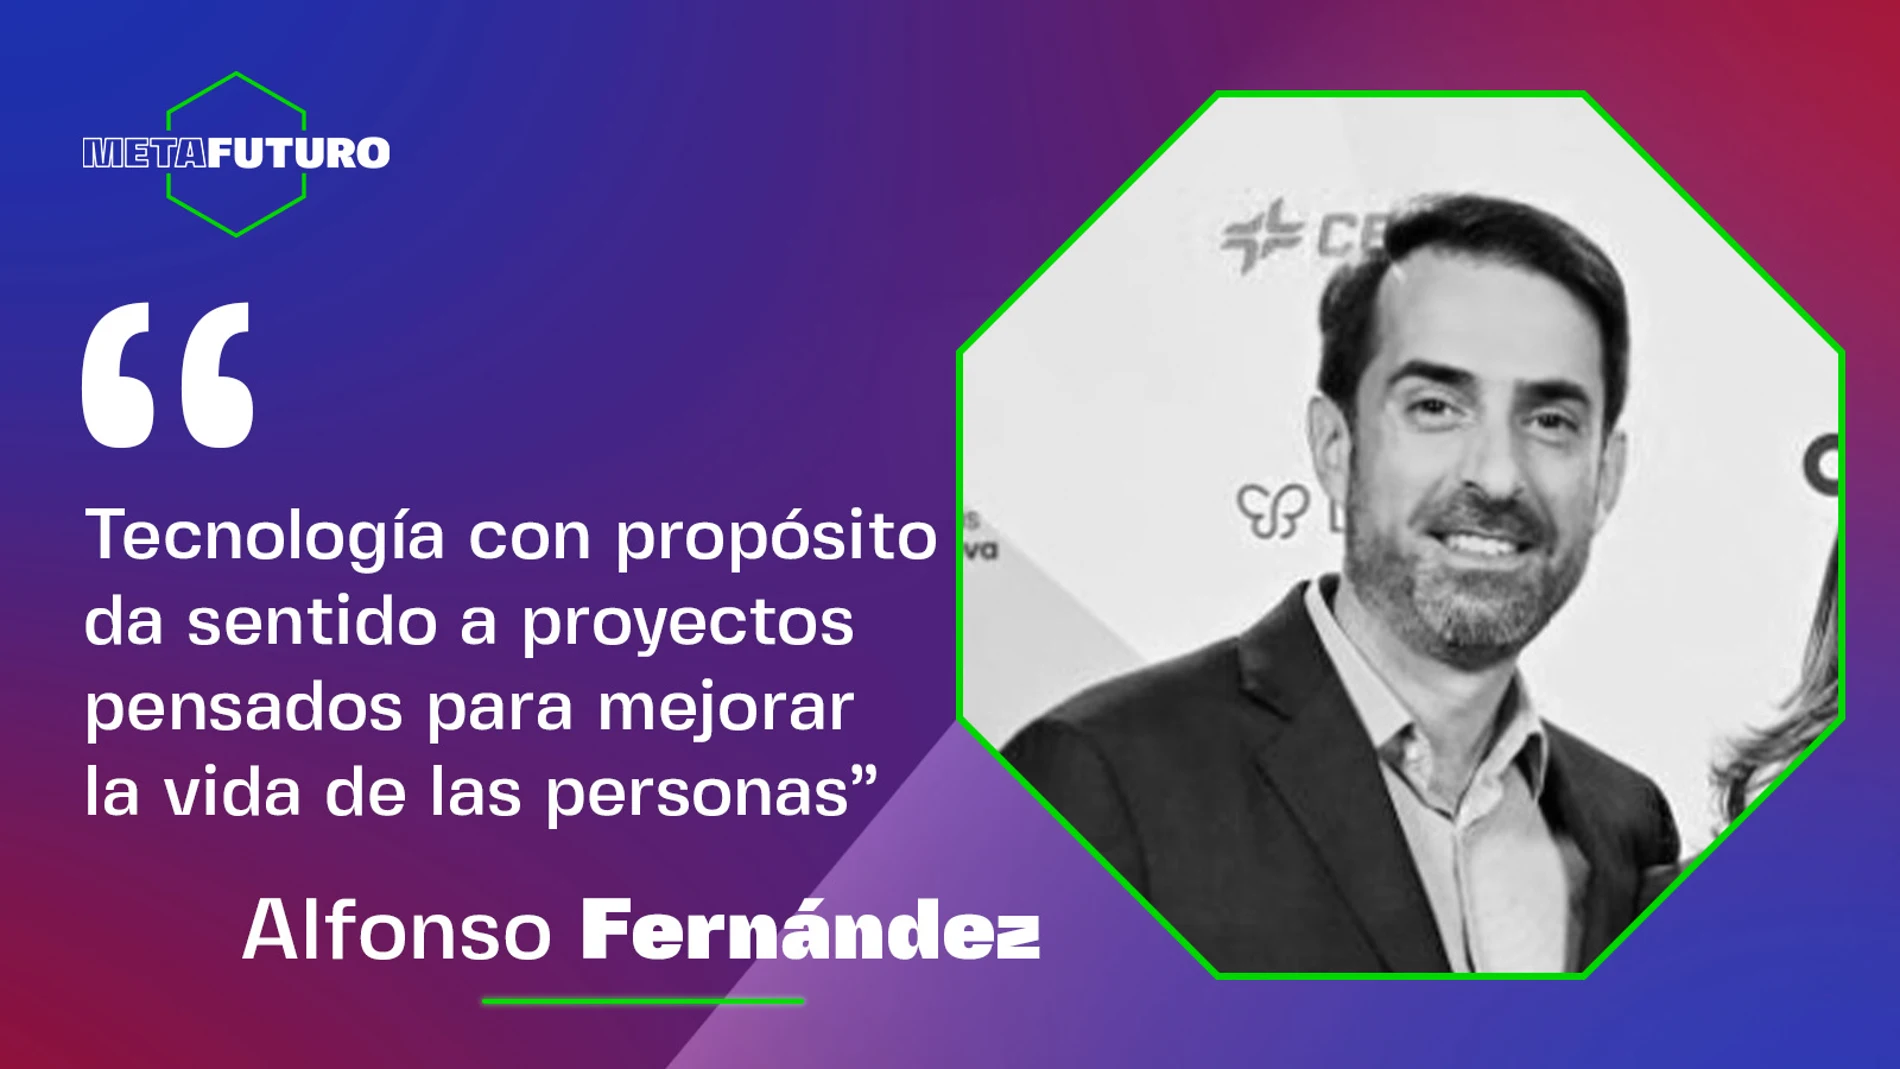 Alfonso Férnandez, Iberian CMO & Head of Ecommerce en Samsung
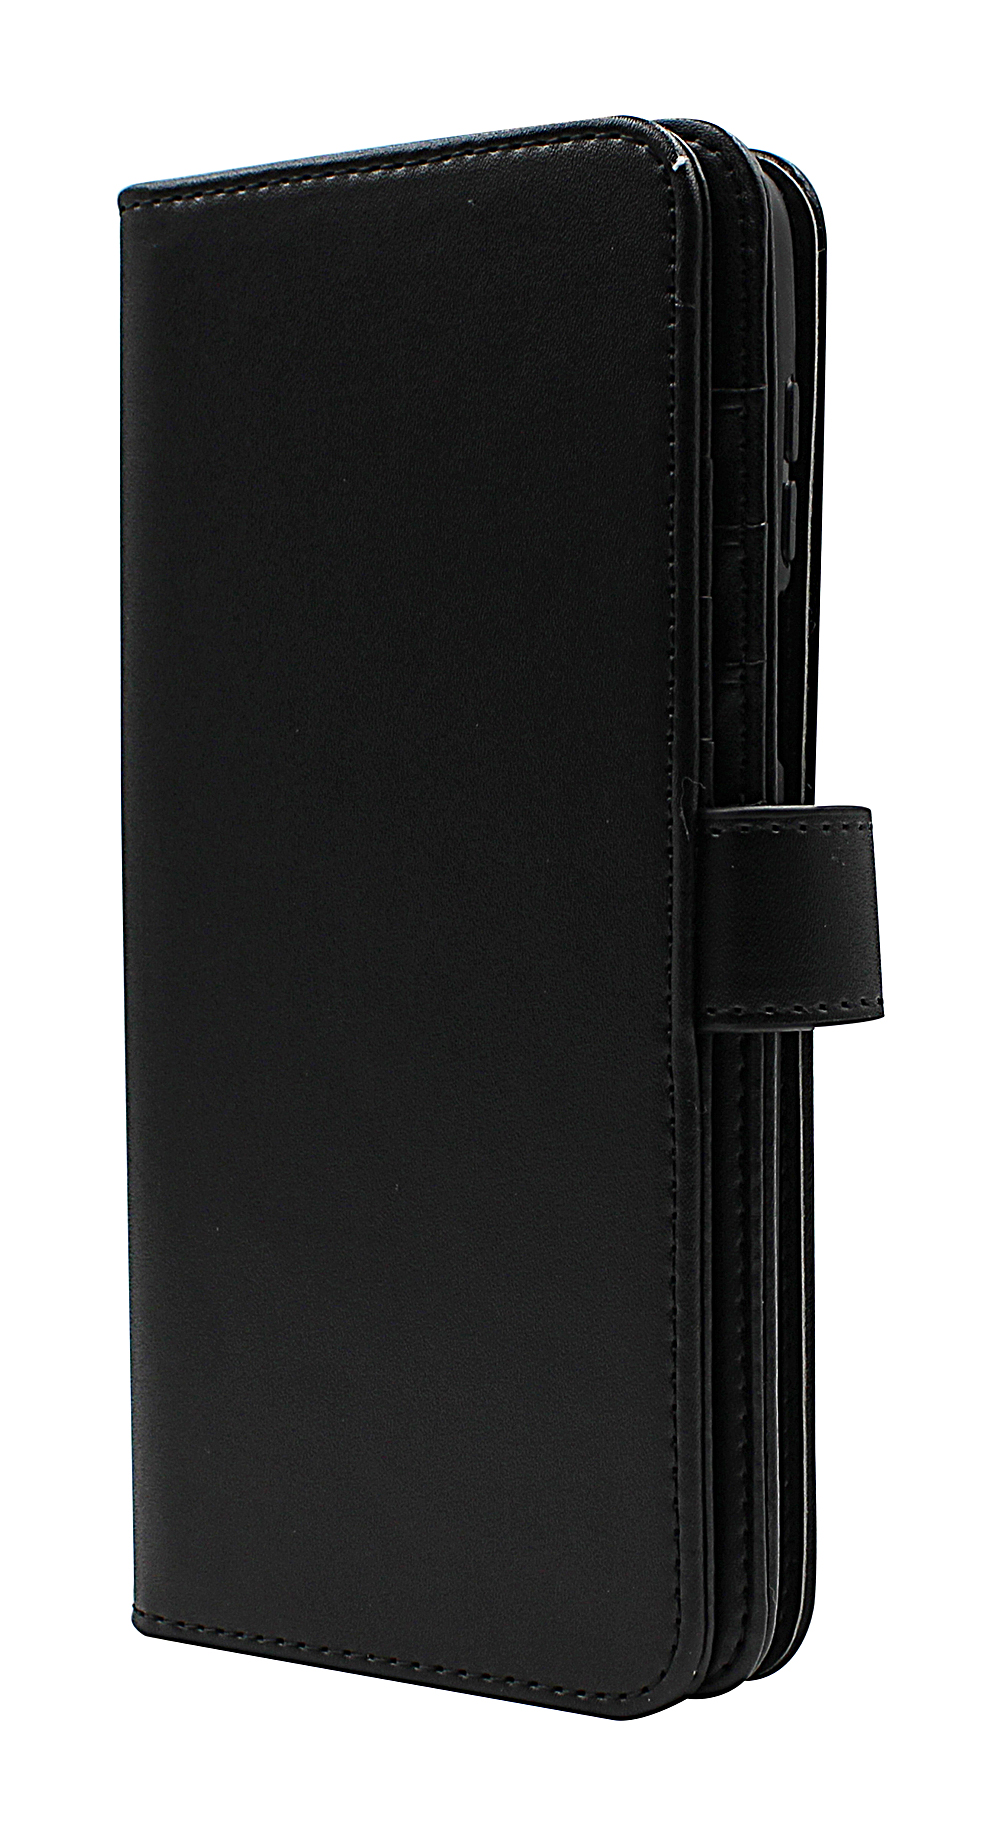 CoverInSkimblocker XL Wallet Motorola Moto G100
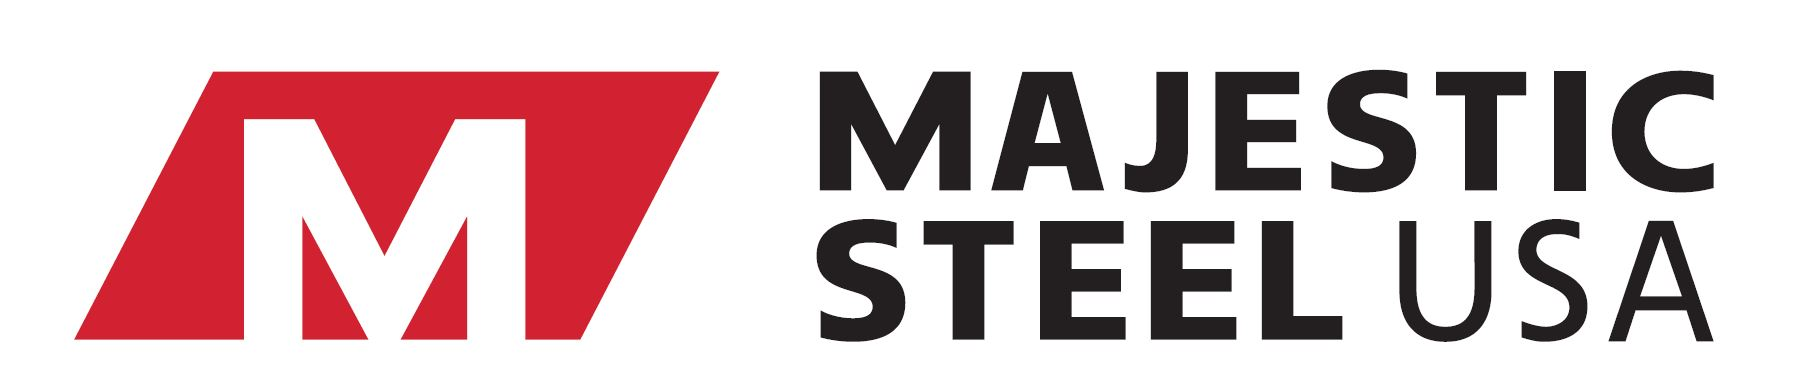 Majestic Steel USA logo
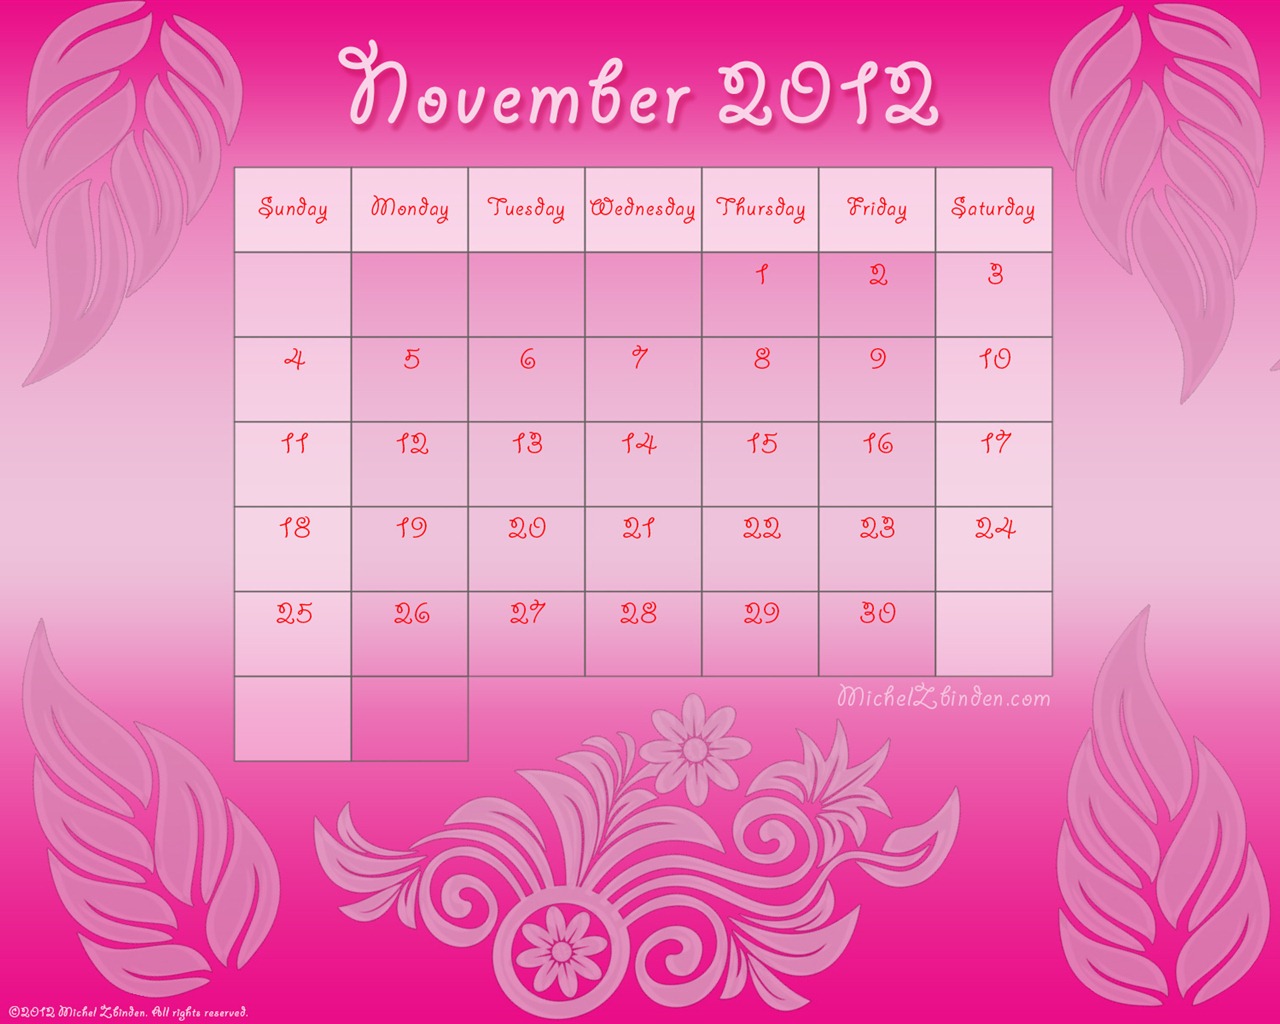 November 2012 Kalender Wallpaper (1) #3 1280x1024 Wallpaper

TASK TO CARRY OUT - Print every line above exactly. Leave the pictures out.

TASK ANSWER -
 Alfonso Férnandez, Iberian CMO & Head of Ecommerce en Samsung
 CoverInSkimblocker XL Wallet Motorola Moto G100
 Majestic Steel USA logo
 November 2012 Kalender Wallpaper (1) #3 1280x1024 Wallpaper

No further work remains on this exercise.